East African Breweries Plc (EABL) has announced that it has reported a Ksh. 12.2 billion net profit for the financial year ending June 30, 2025. This is an improvement from the Ksh. 10.9 billion that the company reported in a previous period in 2024.
Net revenue improved marginally to Ksh. 128 billion from 124 billion while cost of sales increased to Ksh. 74 billion from Ksh. 70 billion in 2024. Operating expenses increased to Ksh. 28 billion from Ksh. 24 billion in a similar period last year. The company registered a Ksh. 313 million foreign exchange gain recovering from a Ksh. 3.9 billion exchange loss in 2024.
Finance costs were down to Ksh. 5.8 billion from Ksh. 8.1 billion in 2024.

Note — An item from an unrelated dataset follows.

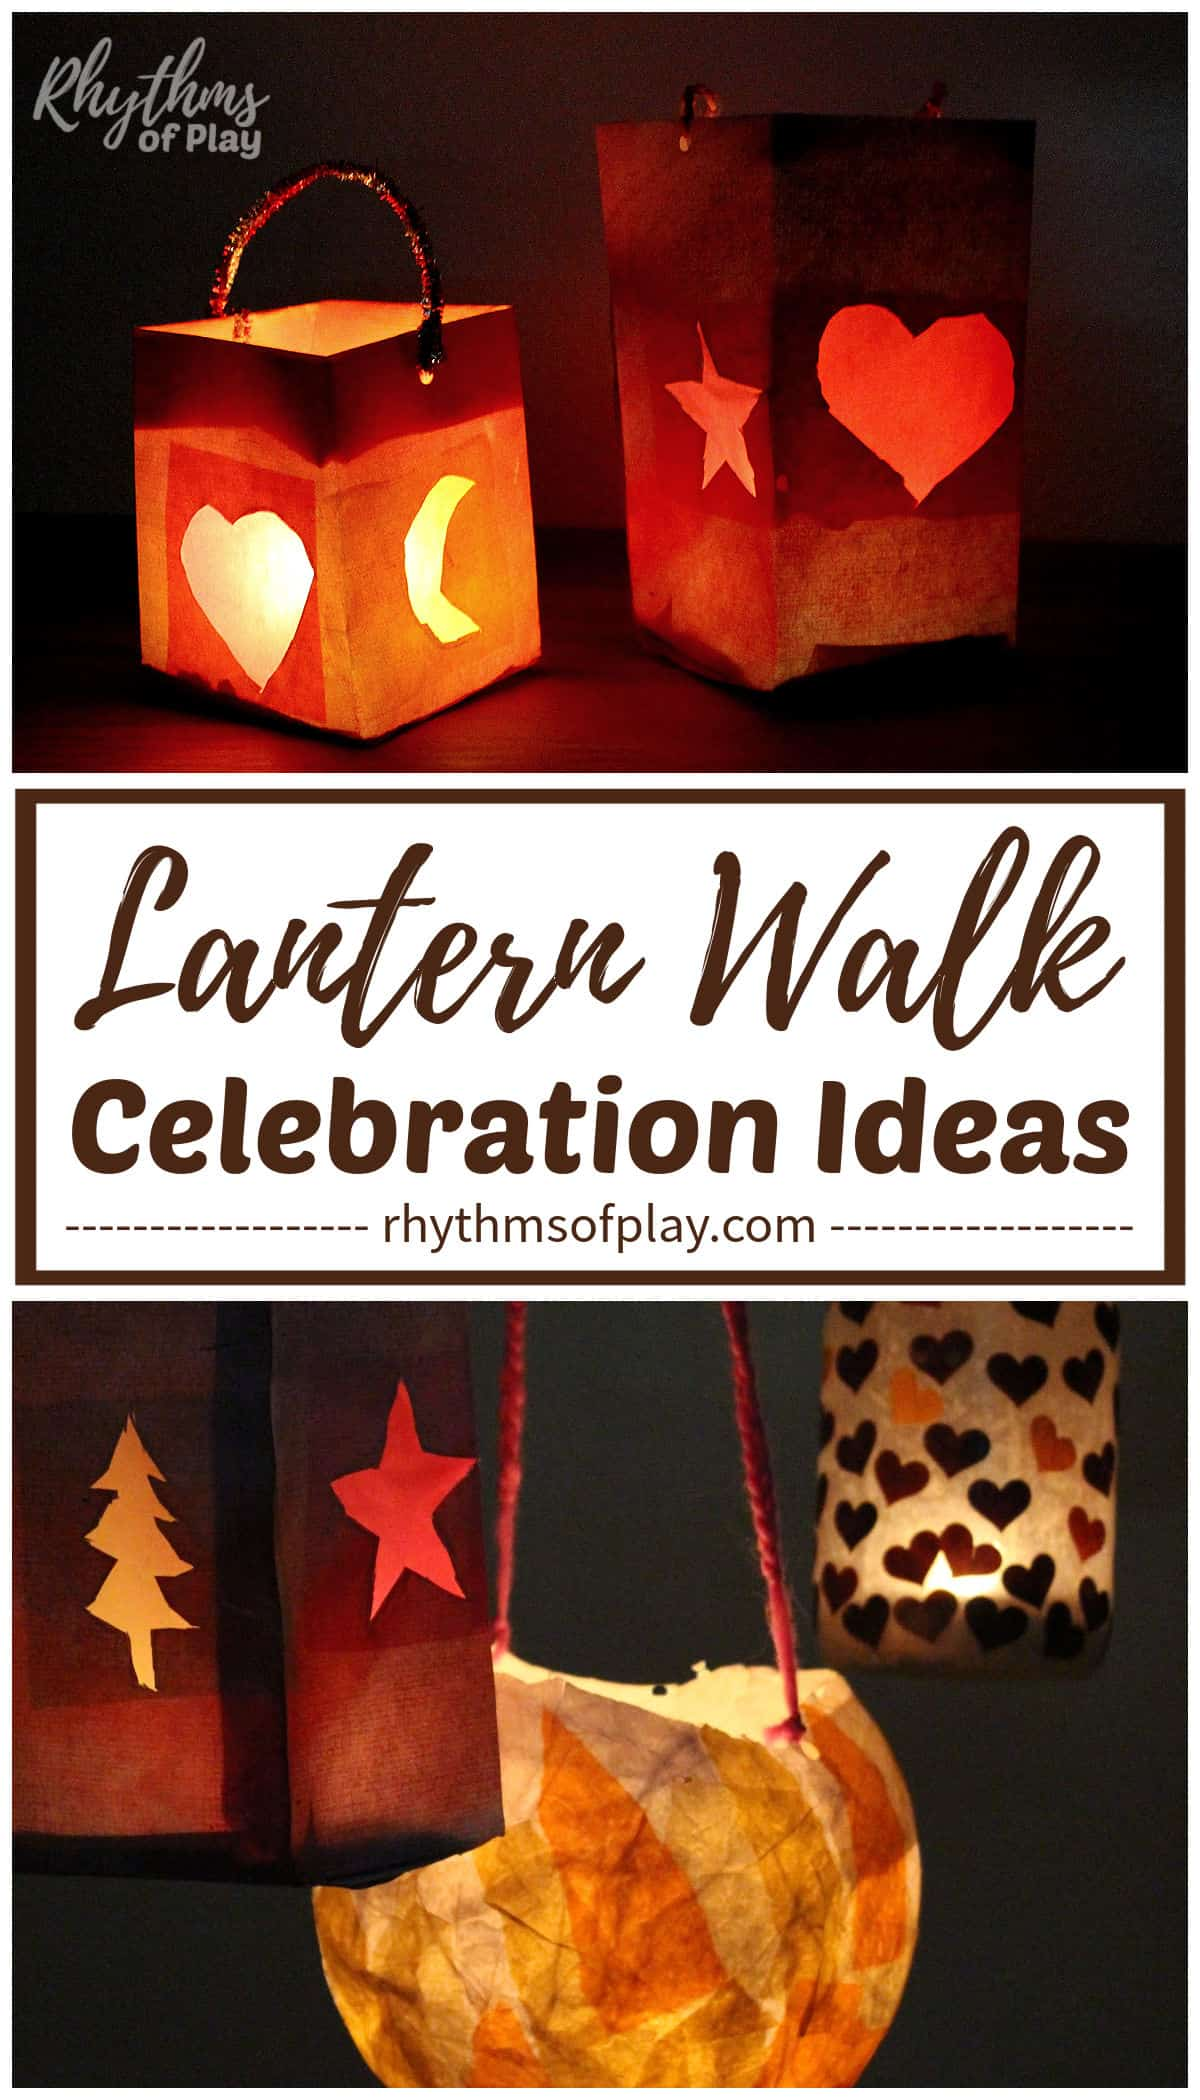 Waldorf lantern craft ideas for Martinmas lantern walk.

The EABL Board of Directors have recommend a final dividend of Ksh. 5.50 per share. This dividend is scheduled for payment on or about 28th October 2025 to shareholders who are duly registered at the close of business on 16th September 2025. If approved, the total dividend for the year will amount to Ksh. 8.00 per share which is an increase from the Ksh. 7 total dividend that the company paid in FY 2024.

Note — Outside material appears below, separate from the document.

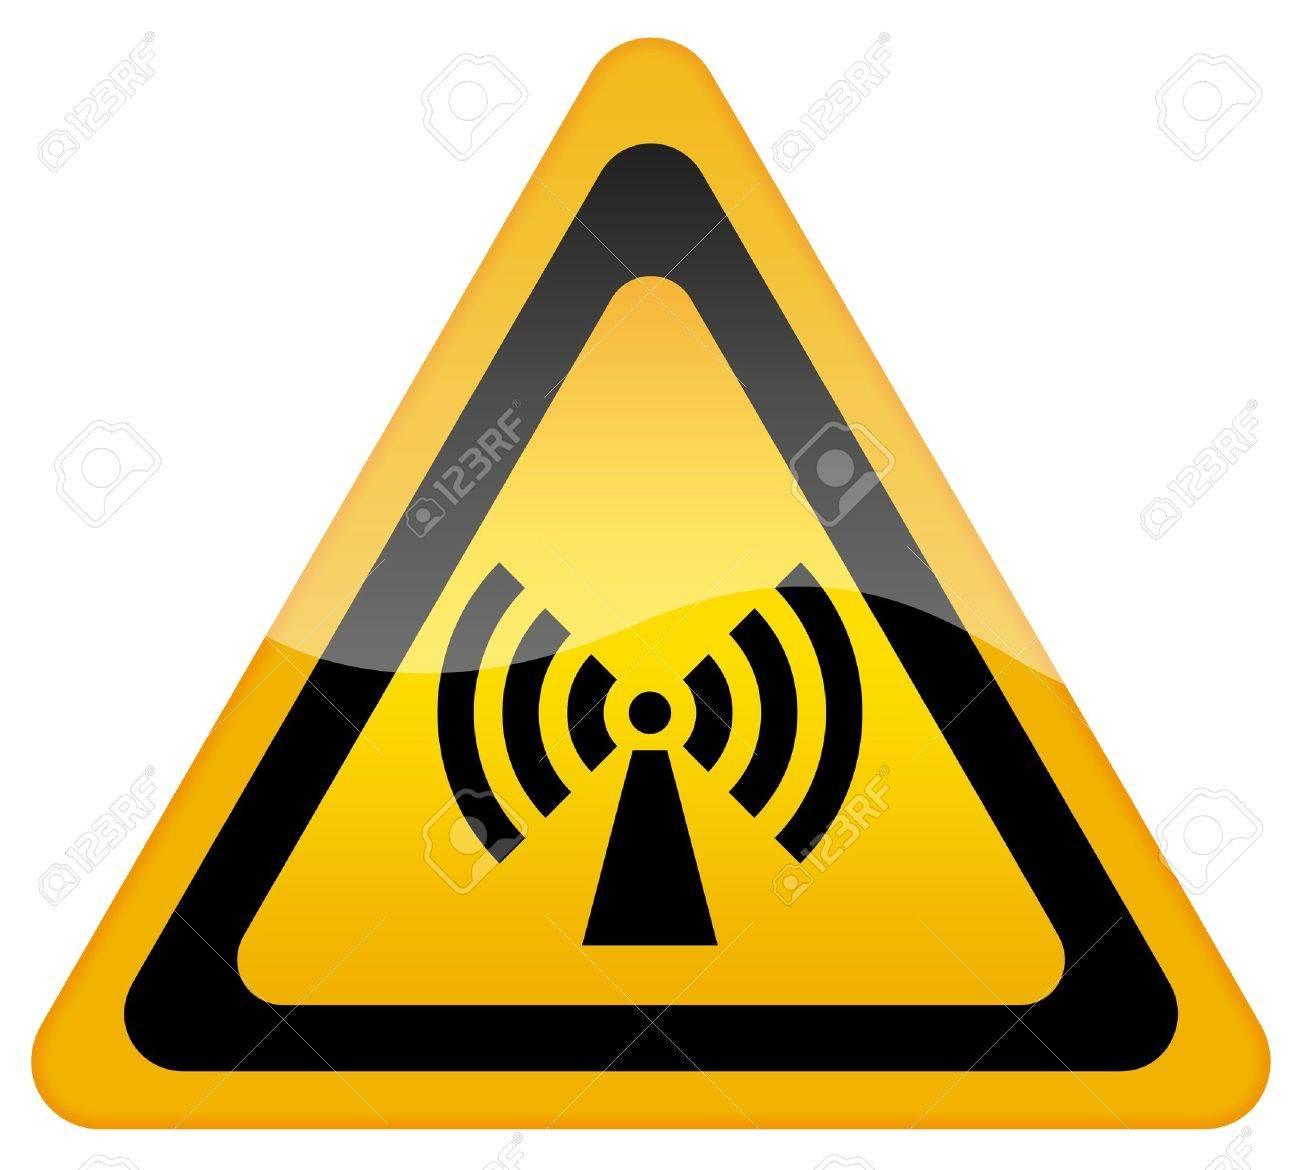 Wireless network sign Stock Photo - 10428511

The company paid an interim dividend of Ksh. 2.50 earlier in the year.
In Kenya, interest rates declined while the Kenya Shilling appreciated against major currencies, reversing the depreciation experienced in the prior year. In Tanzania, interest rates remained stable while the currency depreciated against major currencies. Uganda remained largely stable.

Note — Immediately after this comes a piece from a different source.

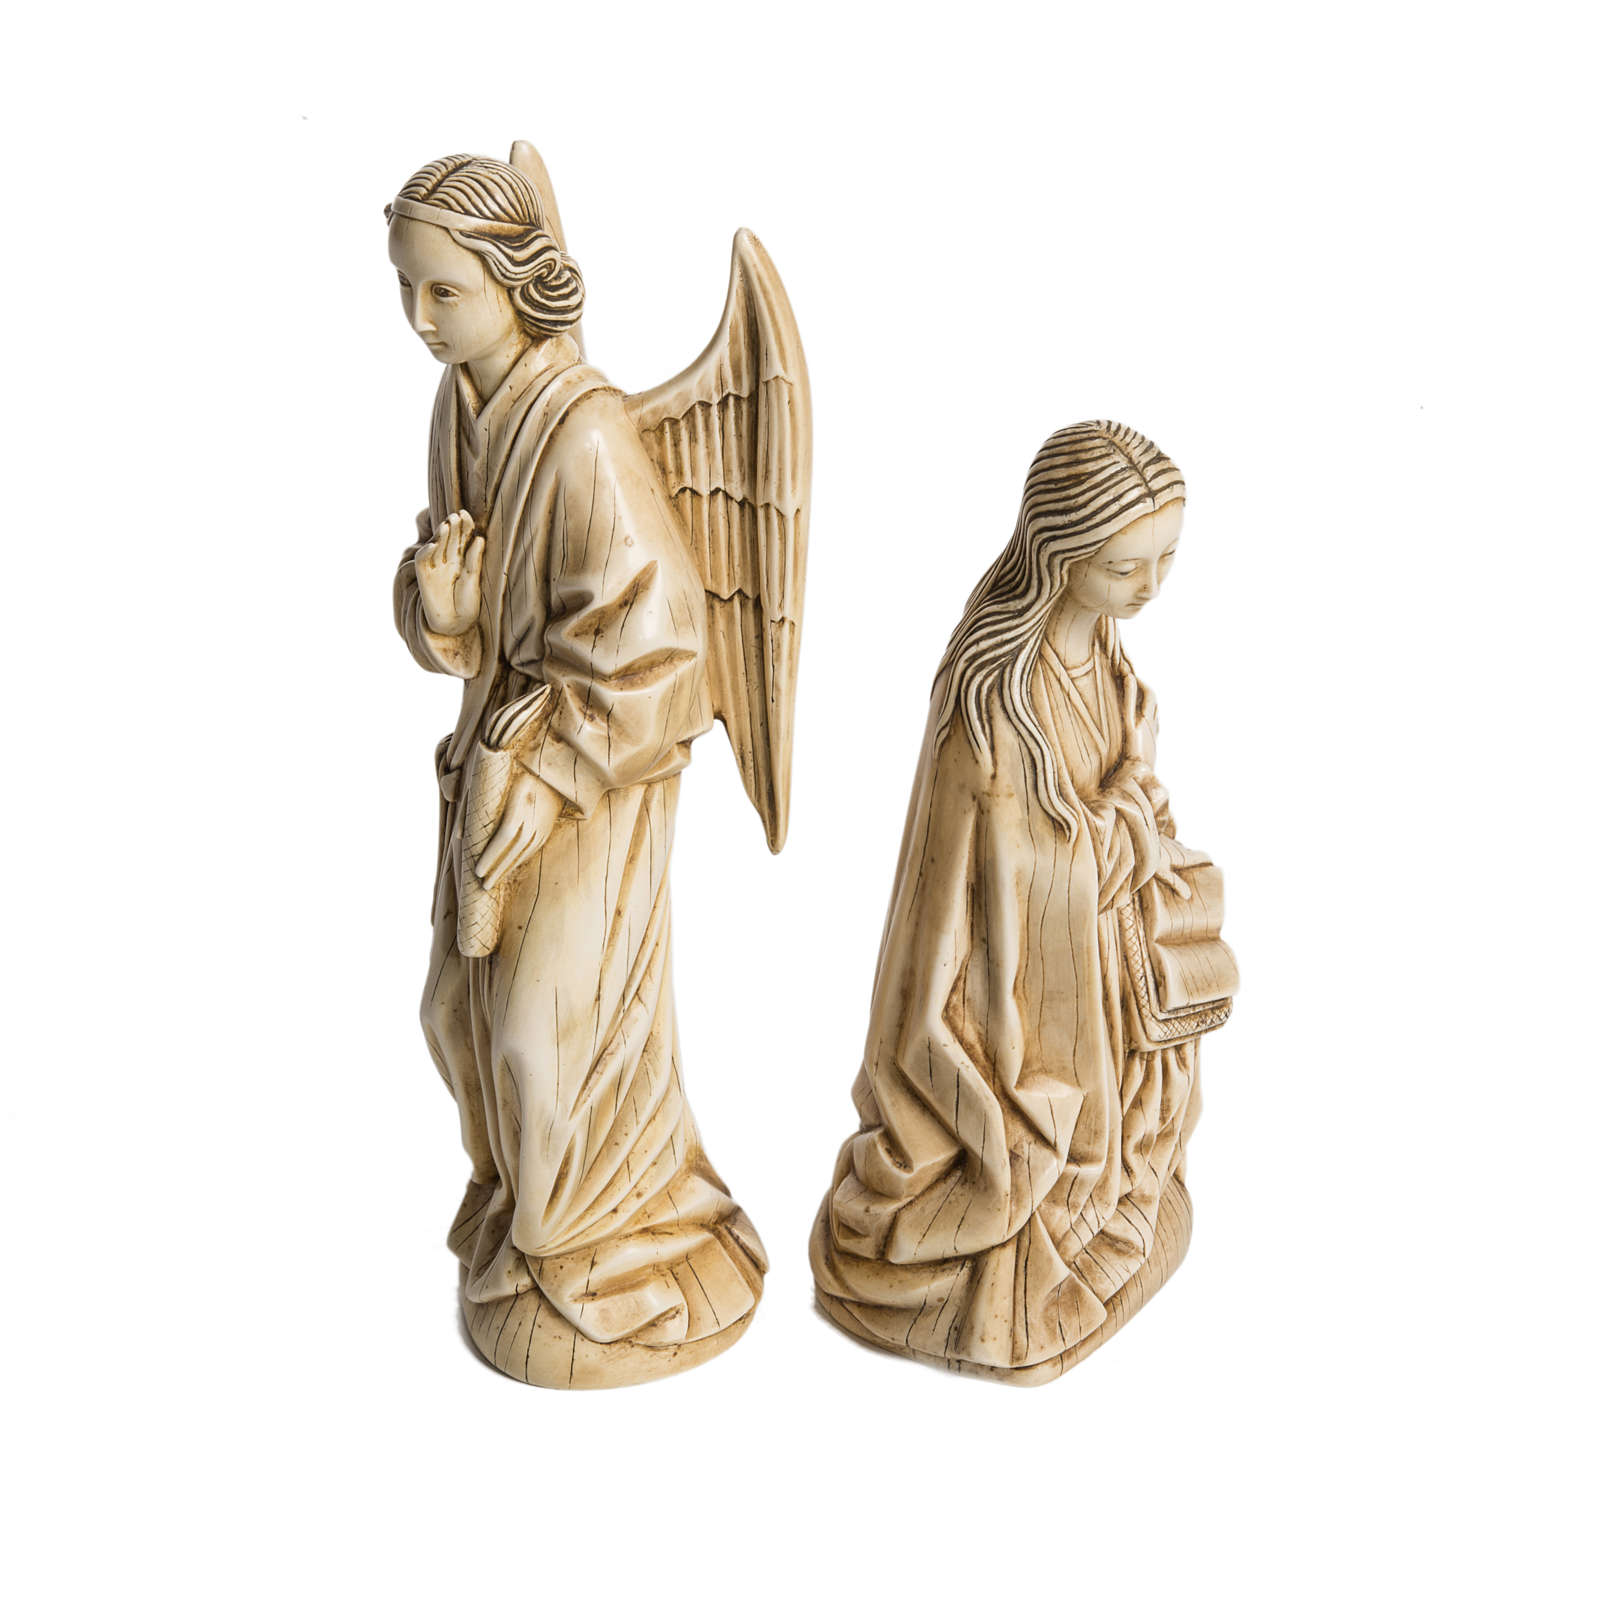 Annunciation stone statues 29 cm, Bethlehem Nuns 4

EABL continued to navigate external pressures, including proliferation of illicit alcohol, sustained input cost inflation and declining consumer spending driven by reduced disposable income. These factors underscore the need for stronger regulatory enforcement and collaborative action to safeguard consumers and legitimate players within the sector.
Key figures from EABL’s FY 2025 financial results
- Net revenue grew 4% to Ksh. 128.8 billion while volume grew 2% as both beer and spirits registered growth across markets.
- Profit after tax grew 12% to Ksh. 12.2 billion, driven by topline growth, foreign exchange gains and lower finance costs realized through reduction of both debt and interest rates. These offset the impact of one-off costs during the year.
- Cash and cash equivalents of Ksh. 12.7 billion increased by Ksh. 1.9 billion, driven by revenue growth and lower cost of debt.
- Total debt (including overdraft) reduced by Ksh. 8.3 billion contributing to lower finance costs.